神さまの目から見て、必要のない人はこの世界には存在しません。一人ひとりに大切な役割が与えられているのだと信じています。
互いを大切な賜物をもつ存在として受け止め、その賜物を活かし、支え合いながら生きてゆくよう、私たちは神さまから招かれています。
困難の中、賜物を活かし、互に支え合いながら
私たちはこの1年数か月、新型コロナウイルス感染拡大の困難に直面し続けています。この度、新たに沖縄県にも緊急事態宣言が発令されました。期間は本日から6月20日まで。これで計10都道府県に緊急事態宣言が発令されることになりました。9都道府県は一応今月31日までが期限ですが、東京や大阪などの延長は避けられないとの見方もあります。
感染した方々の上に主のいやしがありますように、回復後もその心と体と魂が守られてゆきますように祈ります。感染した方のご家族や関係者、医療に従事している方々の上に主の助けがありますように、またコロナの影響により、いま大きな困難を覚えている人々の上に主のお支えがありますように。少しでも感染状況が収束へと向かってゆきますように切に願うものです。そしてこのような困難の中、互いに支え合ってゆくことの大切さを改めて私たちの心に刻みたいと思います。

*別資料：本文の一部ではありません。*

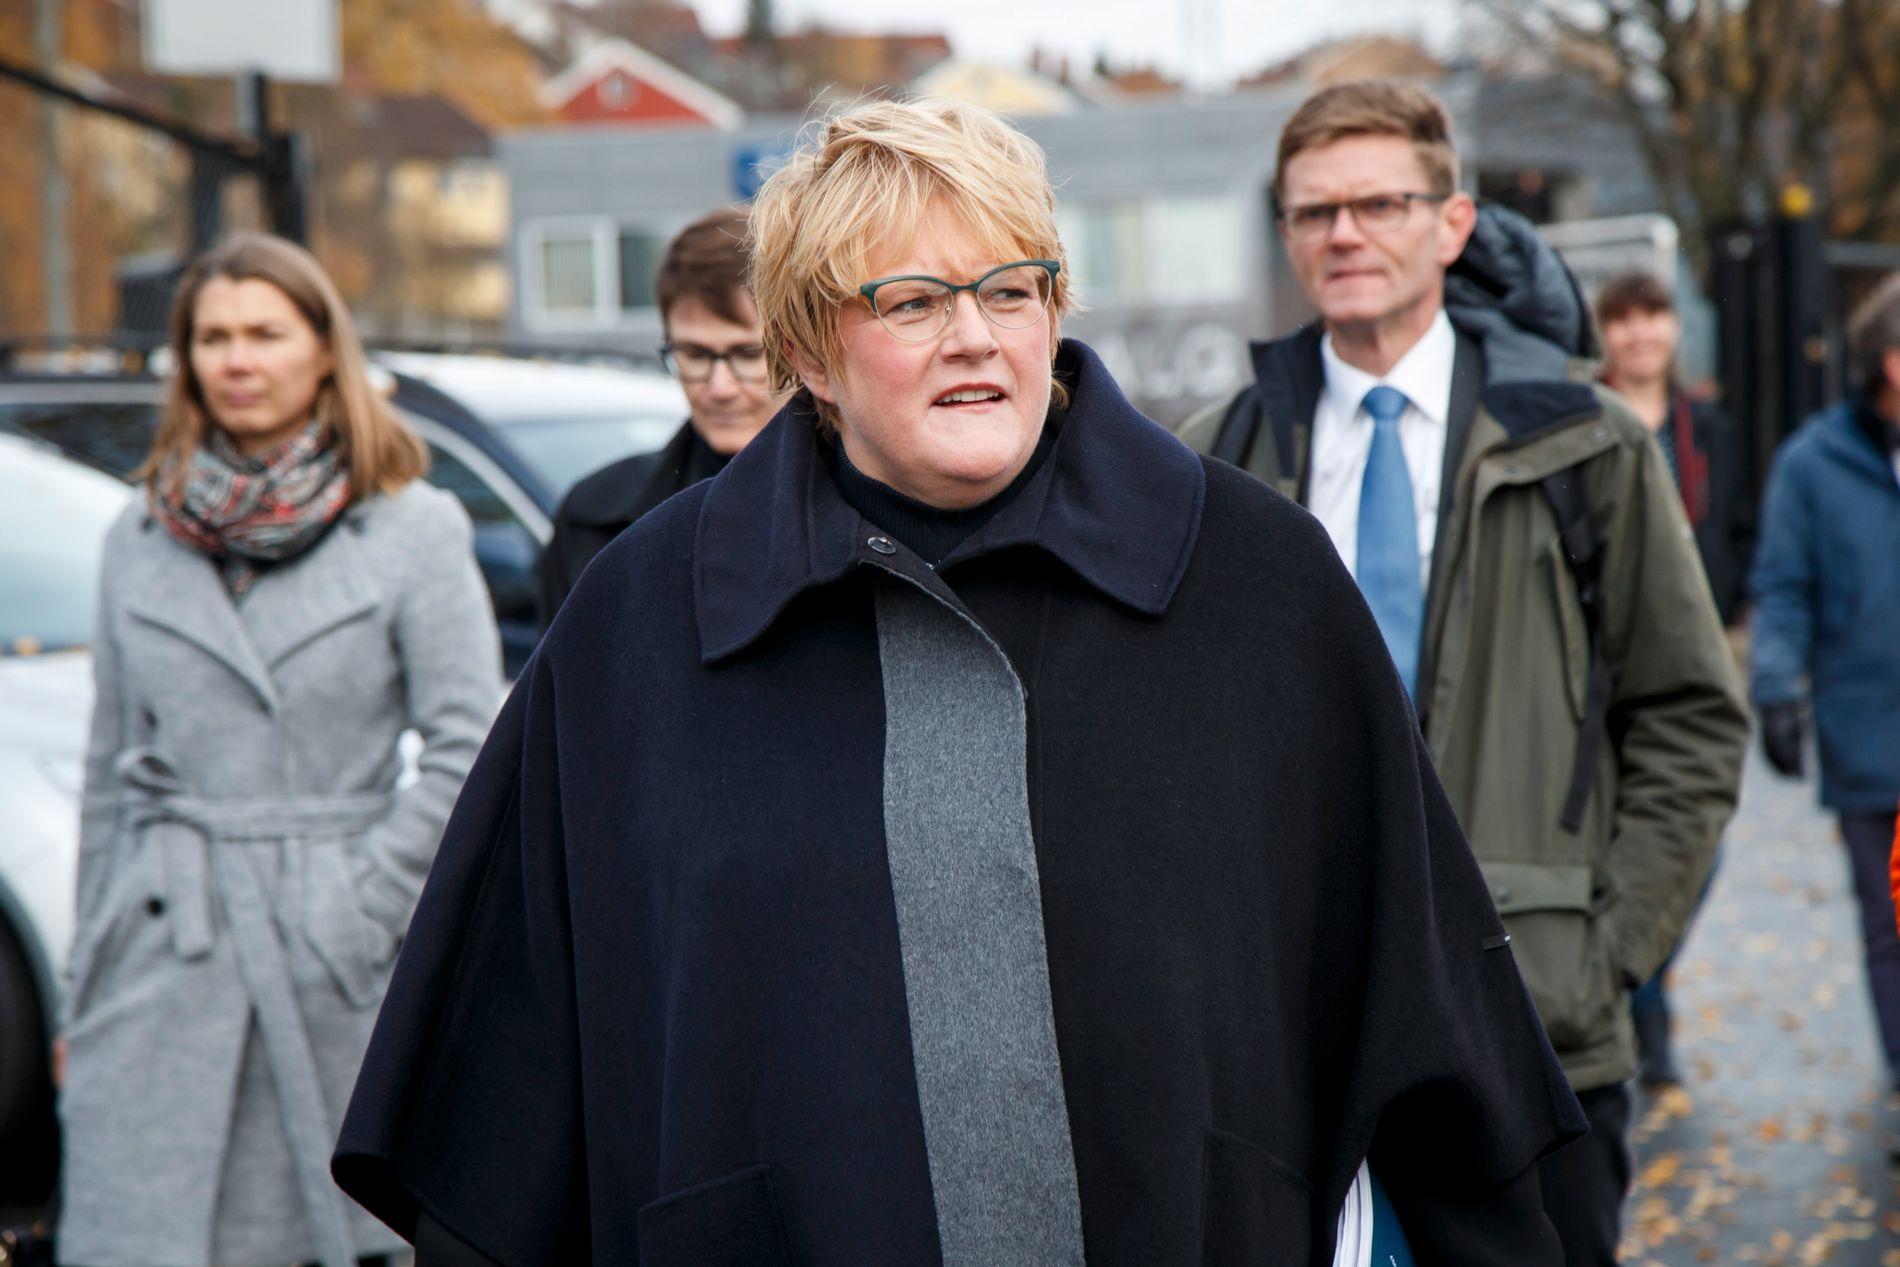 LA FREM SITT ALTERNATIV: Trine Skei Grande (tv) og Terje Breivik på vei til pressekonferanse om Venstres alternative budsjett for 2017.
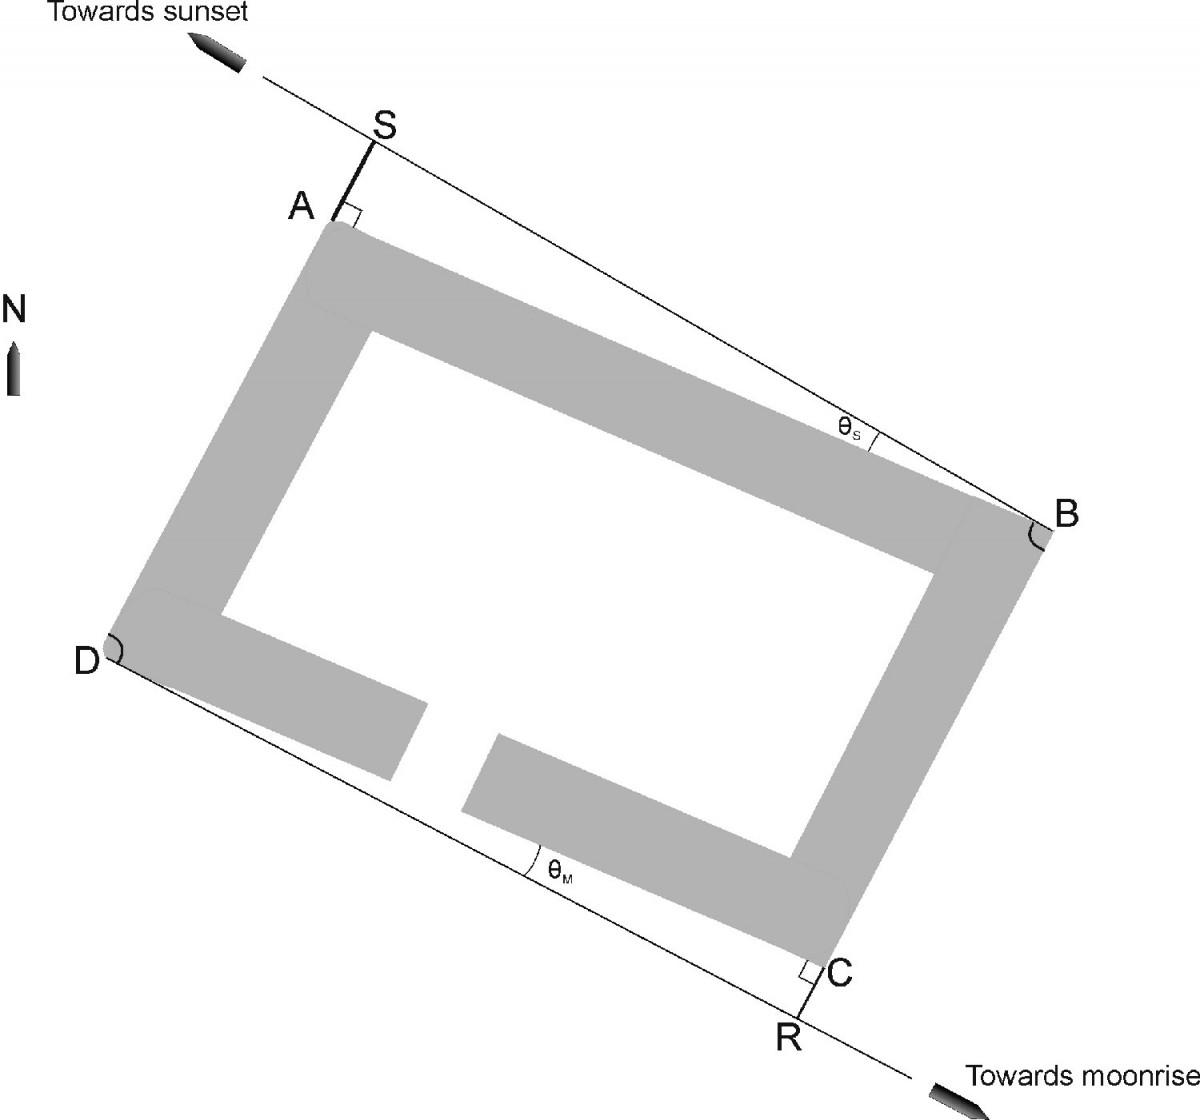 Εικ. 4. Διάγραμμα που δείχνει τη μέθοδο που ακολουθήθηκε για τον προσδιορισμό του προσανατολισμού του Δρακόσπιτου.

神さまはいま、私たち一人ひとりに聖霊をお送りくださり、それぞれに大切な役割、賜物を与えて下さっています。そうして私たちが独りで生きるのではなく、賜物を活かし、互いに支え合って生きることができるよう導いて下さっています。
聖霊の導きがあることを信じ、互いに支え合い補い合いながら、これから始まる聖霊降臨節の中を共に歩んでゆきたいと願います。